Technical analysis of XAUUSD
Gold has held since yesterday’s open near areas familiar from the end of last week as the dollar remains fairly weak but shares around the world have generally made some gains. Yesterday’s larger than expected increase in Chinese exports has helped to drive risk appetite higher. This technical analysis of XAUUSD looks at the four-hour chart plus the chart of futures and annual data for futures on the yellow metal.
High resistance for gold remains the latest all-time high around $2,072, while a more immediate area of focus on this timeframe is the psychological zone around $2,000. The primary support here seems to be the lower psychological area around $1,900.
Technical indicators on XAUUSD H4
Moving averages give a weak sell signal, with each of the 50, 100 and 200 SMAs successively above slower lines but very close together. The death cross of the 100 and 200 SMAs is visible at the very start of September last week. The main focus from moving averages in the near future is likely to be the value area between the 100 and 200 SMAs.
There’s currently no indication of saturation from either Bollinger Bands (50, 0, 2) or the slow stochastic (15, 5, 5). The latter at about 37 is slightly closer to neutral than oversold. Several spikes in buying volume have occurred since the start of August, most notably on 27 August during Dr Jerome Powell’s opening comments at the virtual Jackson Hole symposium.
Price action and Fibonacci
Price action generally indicates reluctance to move outside the range between $1,900 and $2,000. We can observe fairly sudden retracements whenever these areas were tested during most of August. Gold has been more-or-less static on this timeframe in September so far, especially compared to the clear trending movements of the second quarter of 2020.

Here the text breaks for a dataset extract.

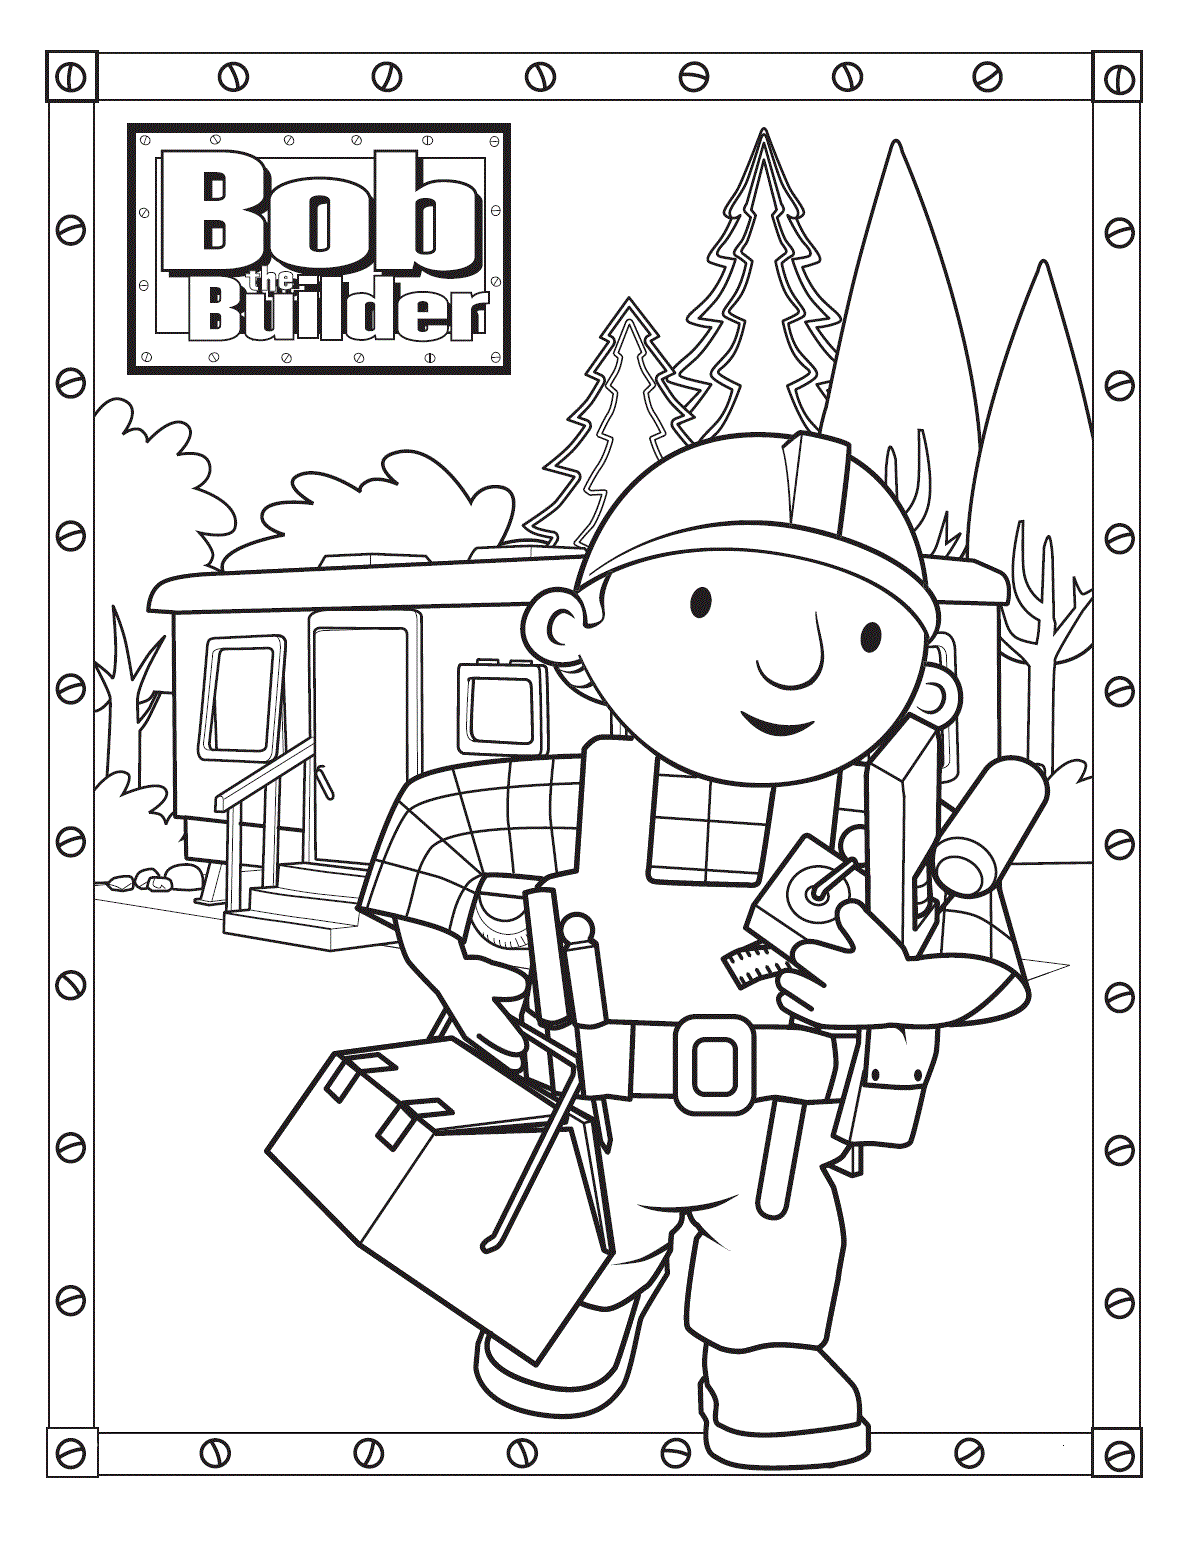 Bob the Builder Coloring Pages TV Film Free Bob The Builder Printable 2020 01139 Coloring4free

The 23.6% daily Fibonacci retracement area is the clearest resistance from Fibonacci, coming not far below $2,000. This was the upper limit of the sudden gains in the afternoon GMT of 27 August. To the downside, the 38.2% daily Fibonacci retracement is also a significant zone of support which price is currently testing. If this test fails, the 61.8% line from the daily fan might be more prominent as immediate support in the second half of the week.
Futures on gold
The picture from futures (COMEX, continuous with current contract at front) is basically similar to that of the spot CFD on gold-dollar. We can observe much the same recent movements, notably the high short-term volatility on 27 August. The main difference on this chart is much higher volume of selling, to the tune of more selling than buying in September so far, the opposite of the situation for the spot CFD. This could indicate a downward movement by gold over the next few days.
Annual futures on the NYMEX display a small contango, basically a normal situation for commodities. The 14-month difference is now about 2.5%, suggesting that the information available to participants has been priced in and calling into question the signal from volumes on the chart of futures above.
The next important news that might cause a readjustment of the prices here is American annual inflation and annual core inflation at 12.30 GMT on Friday. Other fundamentals to be watched include the inverse correlation with the dollar and of course sentiment based on economic recovery and major stock markets.
Technical analysis of XAUUSD: summary
The technical picture for gold is overall slightly negative but there’s no indication at the time of writing of a break below $1,900. How the current test of the 38.2% daily Fibonacci retracement area resolves is likely to be of critical importance for the next few days’ trading.